EXERCISE DETAILS:
A word-for-word copy of the data is what's wanted, with no pictures.

SUPPLIED INFORMATION:

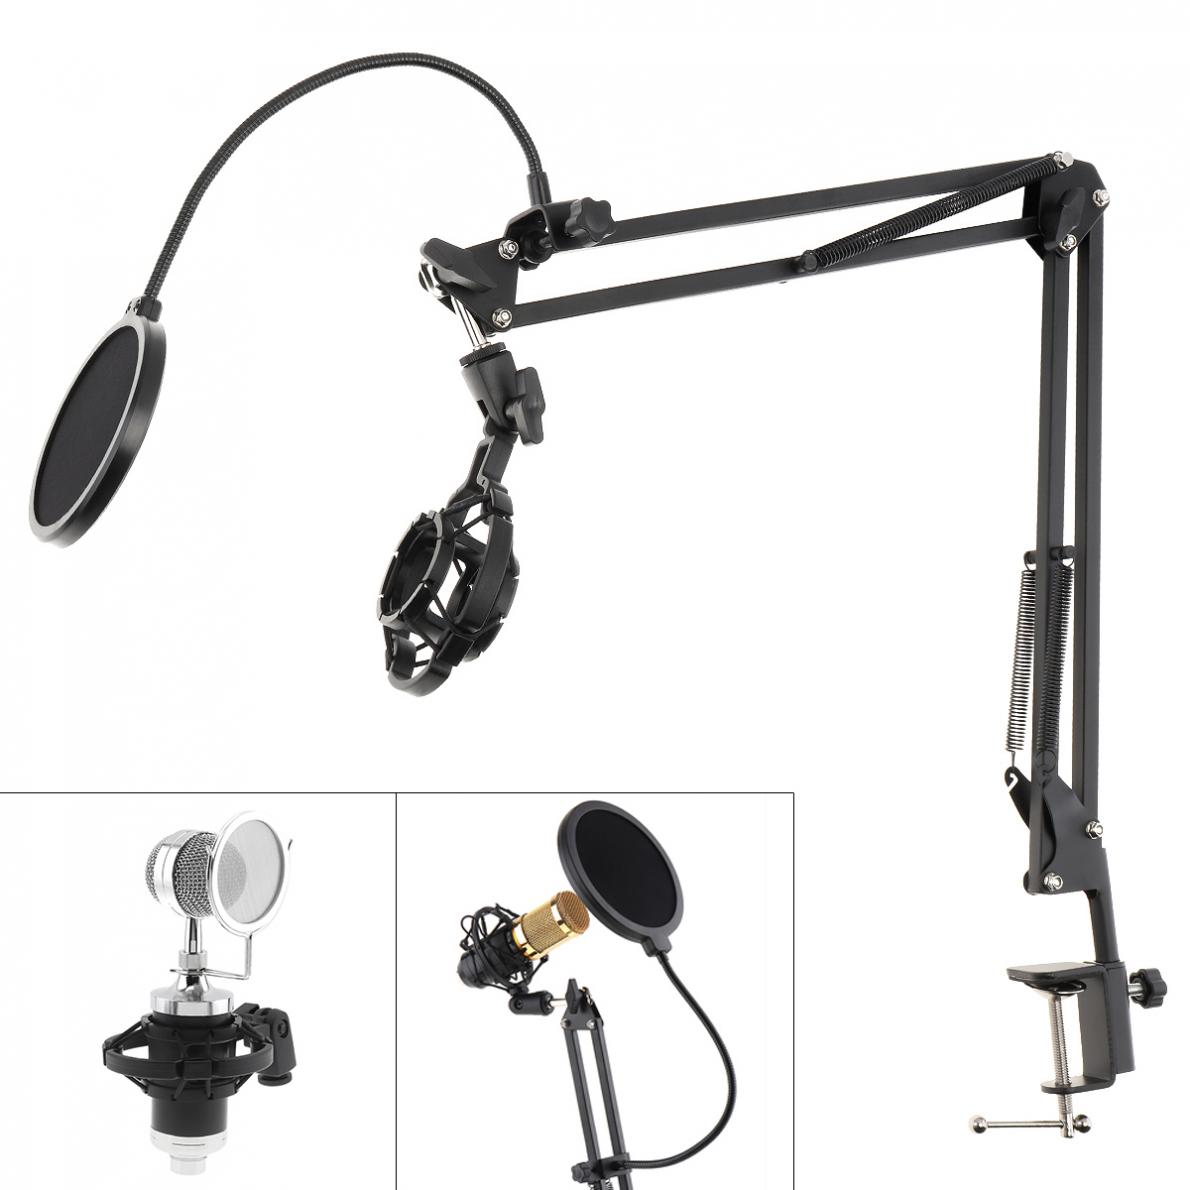 Suporte de Microfone à Prova de Choque com Dupla Filtro e Mesa Clipe para Transmissão ao Vivo Multifunções Camada Microfone Pop
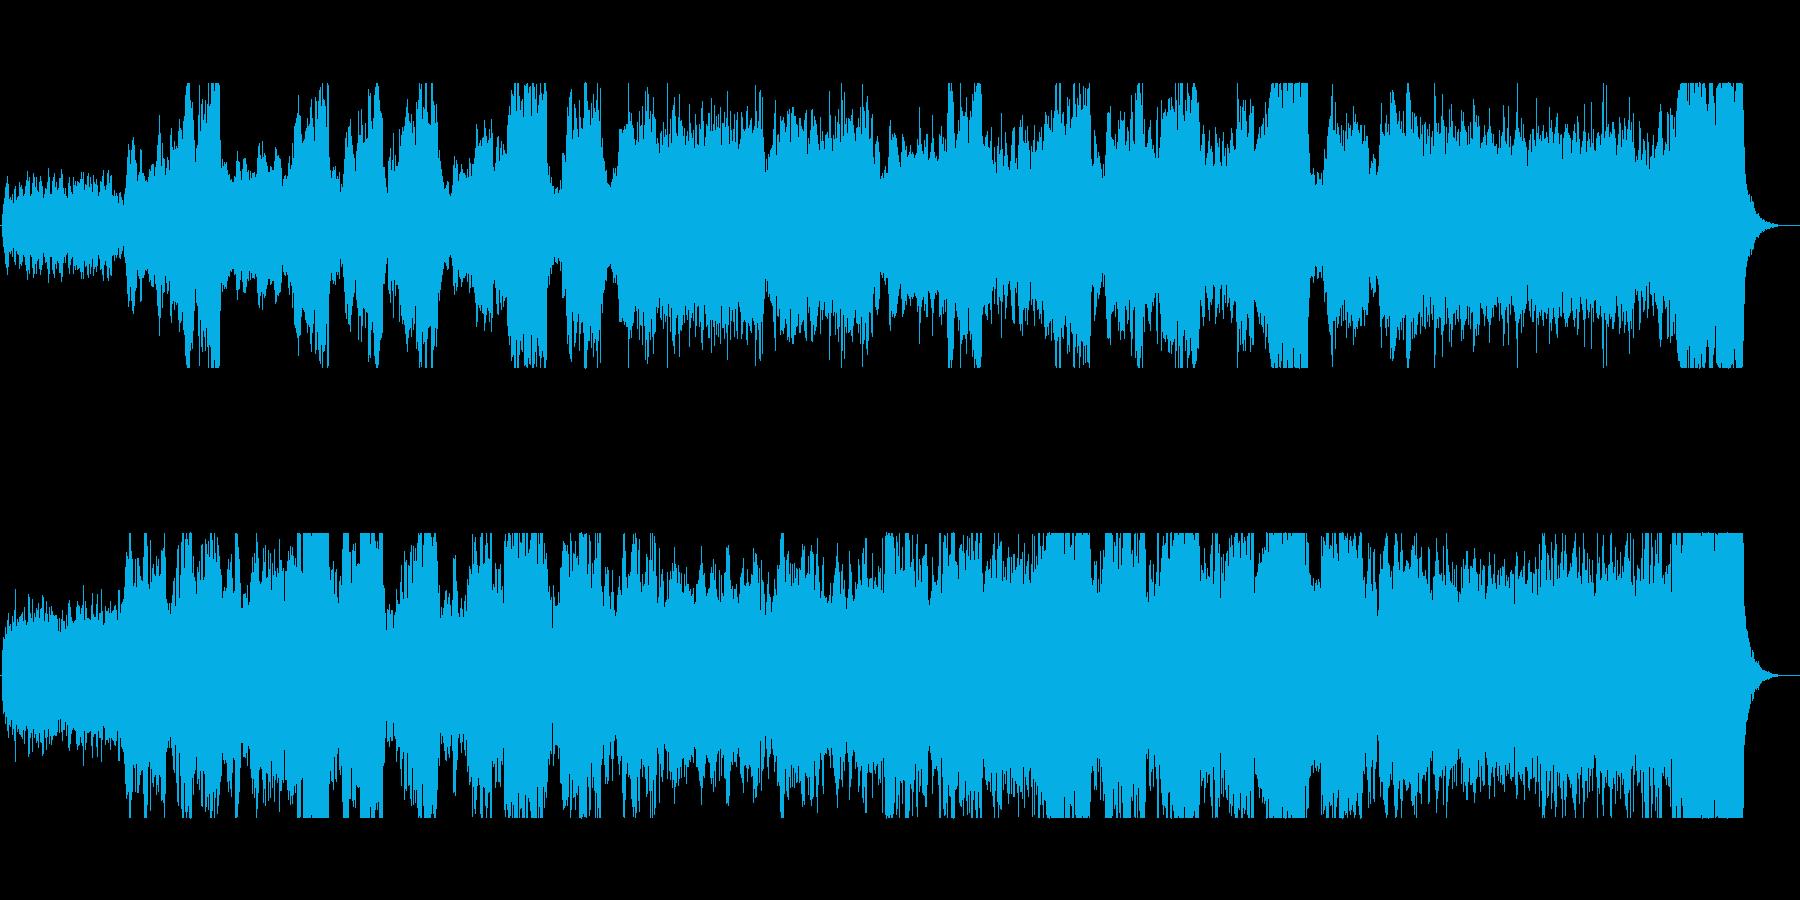 暗黒の魔城 ダーク、ホラー向けBGMの再生済みの波形
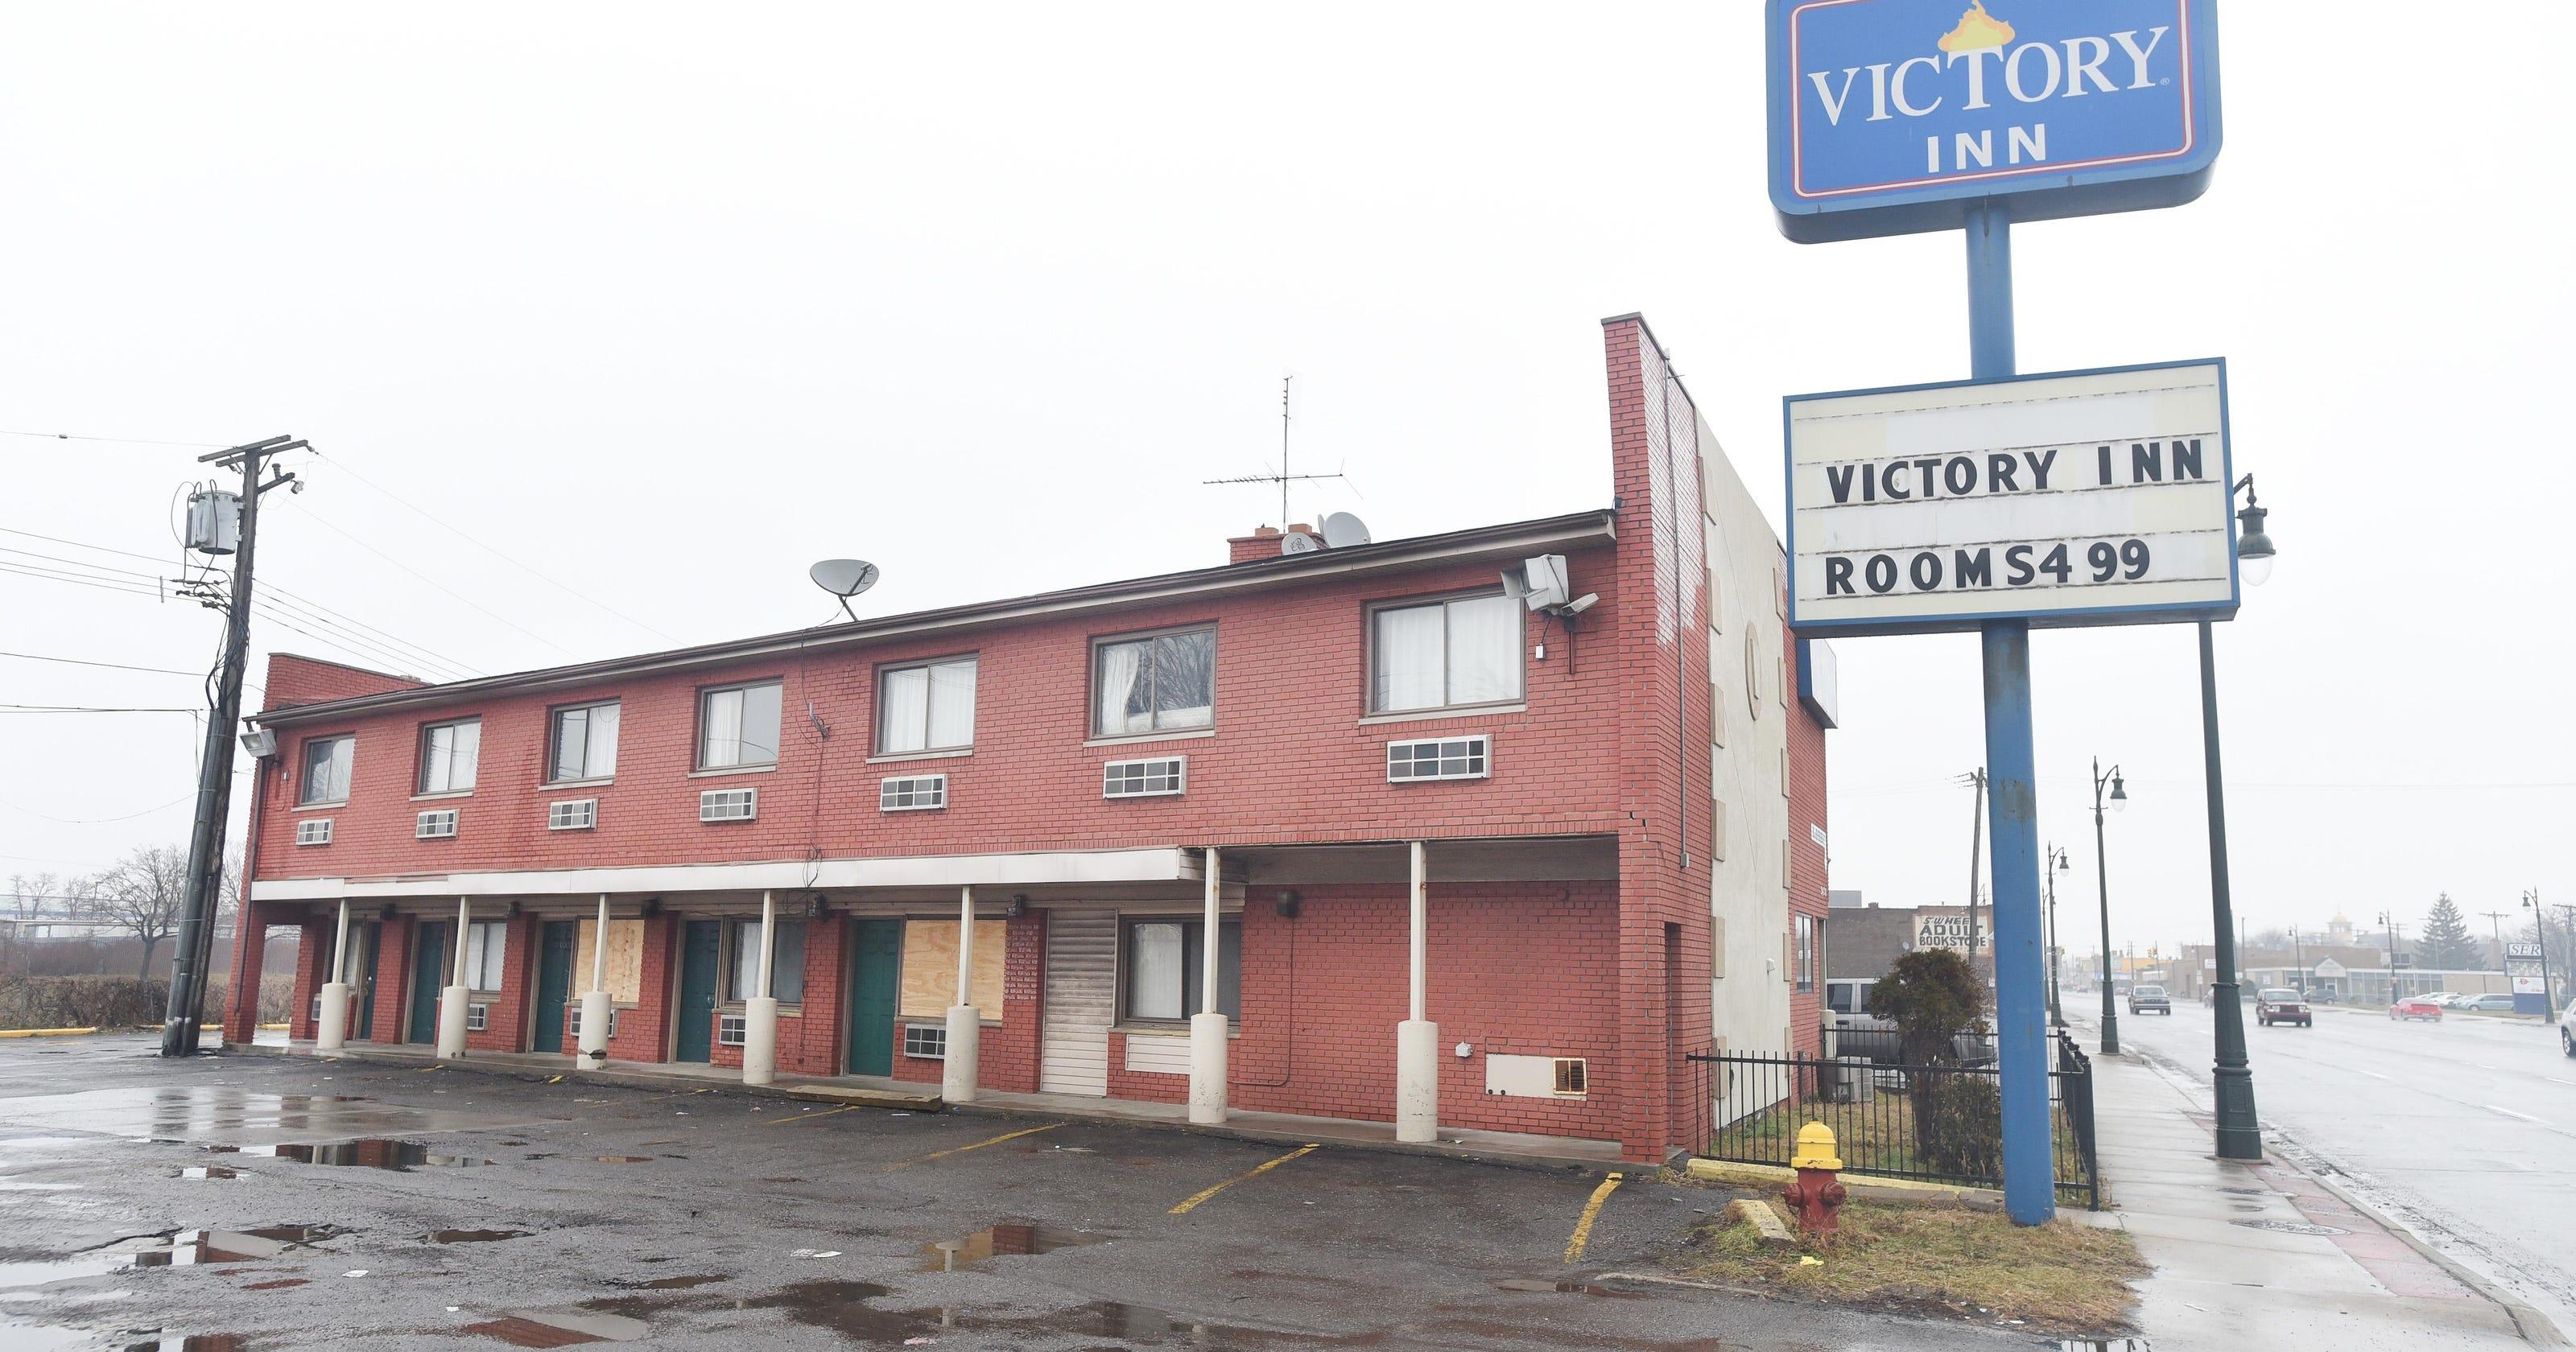 The Raid at Victory Inn
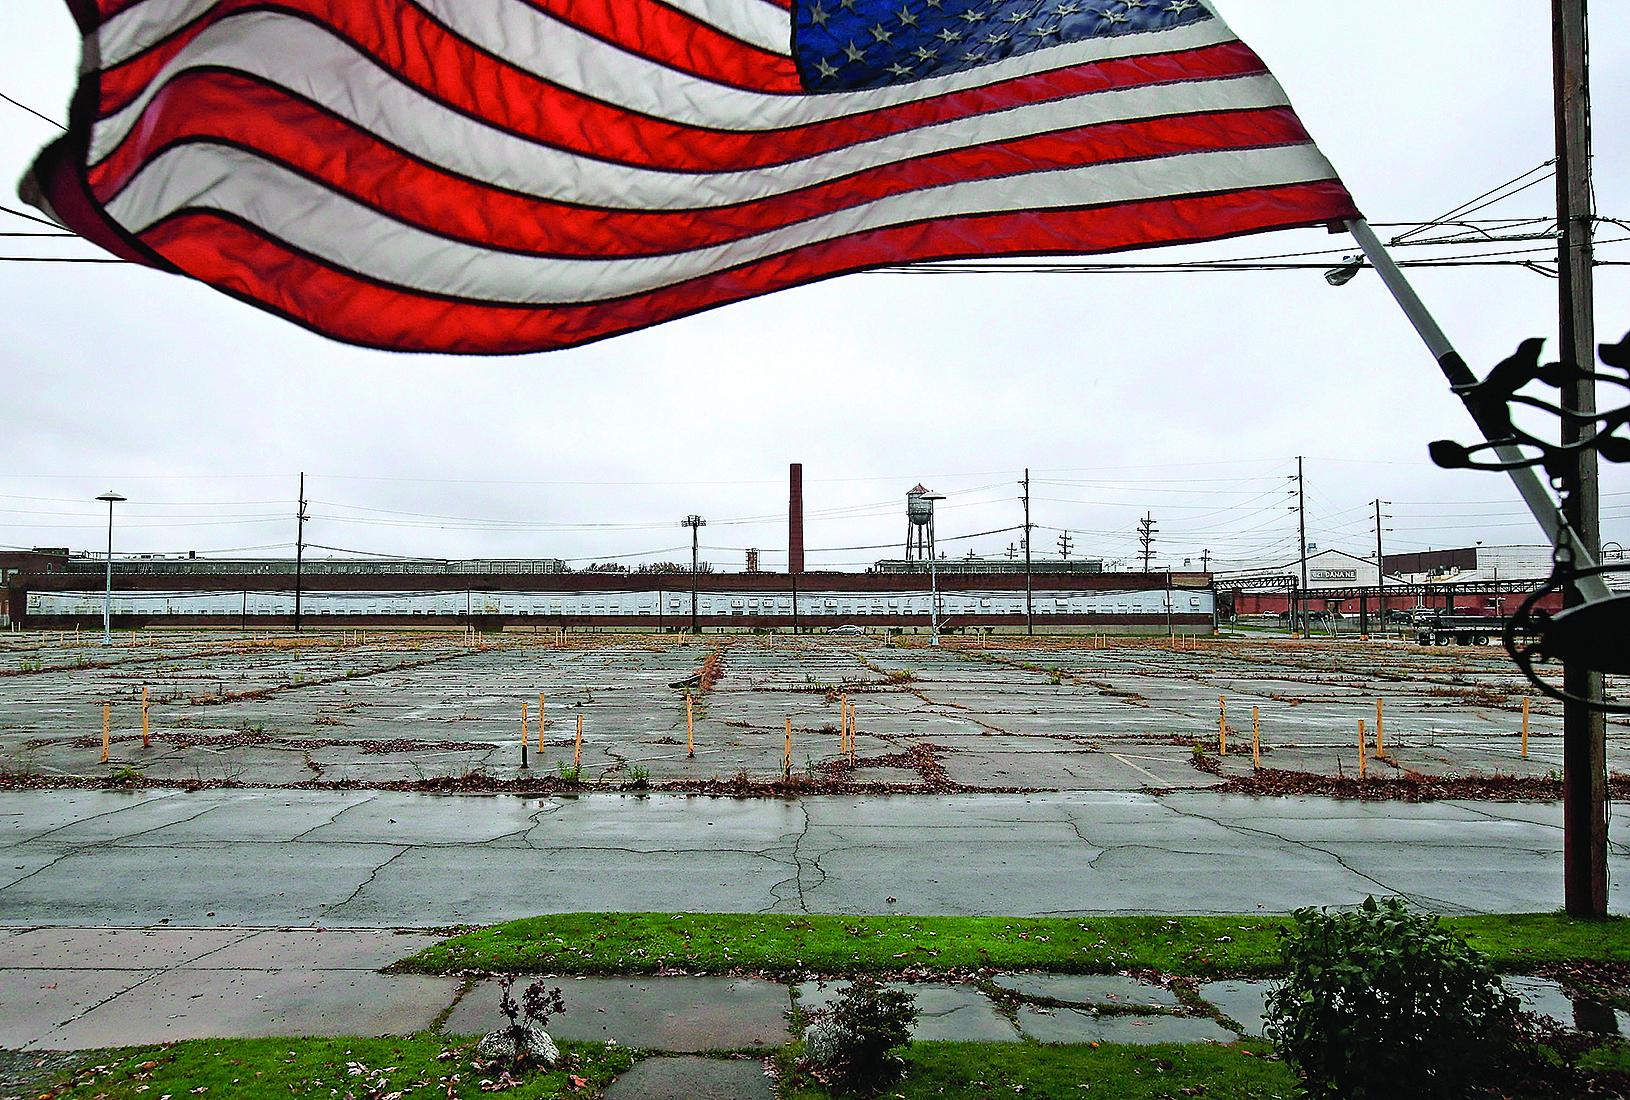 美國中西部大片地區製造業枯萎,充斥關閉的工業園區,成為所謂的「鐵鏽帶」,特郎普誓言改變這一趨勢,重振美國製造業。(Getty Images)

SOLUTION TO THE PROBLEM:
 Suporte de Microfone à Prova de Choque com Dupla Filtro e Mesa Clipe para Transmissão ao Vivo Multifunções Camada Microfone Pop
 暗黒の魔城 ダーク、ホラー向けBGMの再生済みの波形
 The Raid at Victory Inn
 美國中西部大片地區製造業枯萎,充斥關閉的工業園區,成為所謂的「鐵鏽帶」,特郎普誓言改變這一趨勢,重振美國製造業。(Getty Images)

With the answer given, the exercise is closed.